For the sake of parity, I now quote the definition of marketing offered by Philip Kotler, considered one of the foremost experts and pioneers of marketing management. In his renowned work Marketing Management, Philip Kotler gives us a simple and explanatory definition:

“Marketing is about identifying and satisfying human and social needs”.

He goes on to describe it as that:

“Social process through which individuals and groups obtain what they need through the creation, supply, and exchange of valuable products and services”.

Wanting then to bring the concept of marketing back to the specific field of museums, the most appropriate definition is, in my opinion, the one proposed by P. Lewis whose professional genesis, not by chance, derives from museum activity and not from commercial activity. In Museums and Marketing, he writes:

“Marketing is the management process that confirms the mission of a museum or gallery and is responsible for the efficient identification, anticipation and satisfaction of the needs of its users”. He also adds that “it would be desirable to speak of consumers rather than adventurers, better still of tourists rather than consumers, of visitors rather than tourists, and of users rather than visitors”.

Museum marketing is thus understood as a non-random process aimed at achieving the mission, which serves the museum and seeks to bring the offer closer to the desires of a potential public interested in art.

In practice, the museum should be able to conserve and enhance its heritage and, at the same time, effectively manage funding – both public and private – in order to meet the cultural needs of its target audience. This operation would also create a useful spin-off that would indirectly lead to economic benefits for the local community and operators in the area.

Museum marketing strategies

But how is it possible to manage the complex network of interests composed of consumers, stakeholders (i.e. those with an interest in a given economic project), public financiers, and local entrepreneurs without distorting the museum institution?

It must be considered that to date the ontological gap between the world of culture and the corporate-economic world has not been completely bridged; very often these two worlds speak different languages and feel threatened by each other’s presence.

However, it is clear that the management and enhancement of cultural heritage today cannot disregard precise marketing and communication strategies, which are essential in the promotion of a single artistic event as well as in the entire management of a museum or any other cultural institution.

Today, every museum has to deal with its own budget and available resources, so the valorization of its own heritage and events are crucial for the livelihood of the cultural institution itself.

The success of a cultural event depends to a large extent on its prior ability to be communicated effectively.

However, humanists from educational backgrounds with little knowledge of cultural marketing and communication are often called upon to manage a museum or organize cultural events.

However, like any other area, this one, as we have seen, needs effective marketing strategies for which the right professionals are needed.
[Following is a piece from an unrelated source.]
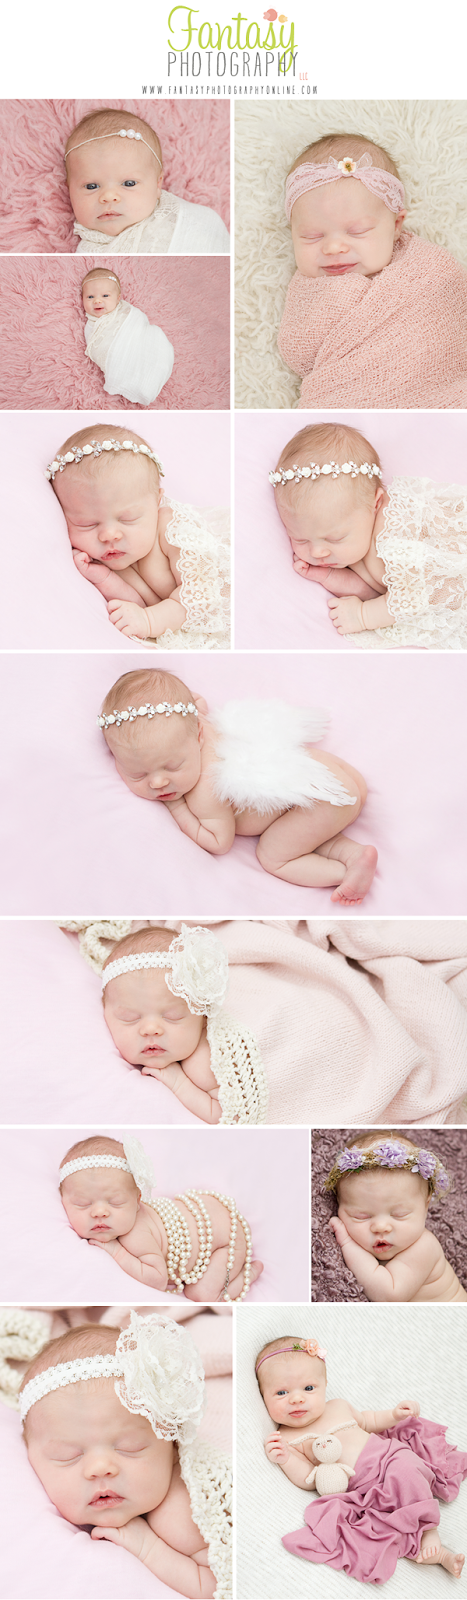 newborn photography in winston salem nc | triad newborn photographers

A rather ineffective example of museum marketing brought about by improvisation or at least by a strategy not projected over the long term is that of event exhibitions. These kinds of initiatives may be interesting in their own right and able to attract large numbers of visitors, but they usually catalyze the attention of the public only for a limited period of time and then leave the structure that hosted the event to return to oblivion.

Moreover, this type of exhibition often horrifies art critics and cultural purists in general, because, in order to appeal to the “masses”, it does not really delve into the subject matter, remaining rather superficial and lacking philological rigor in its staging.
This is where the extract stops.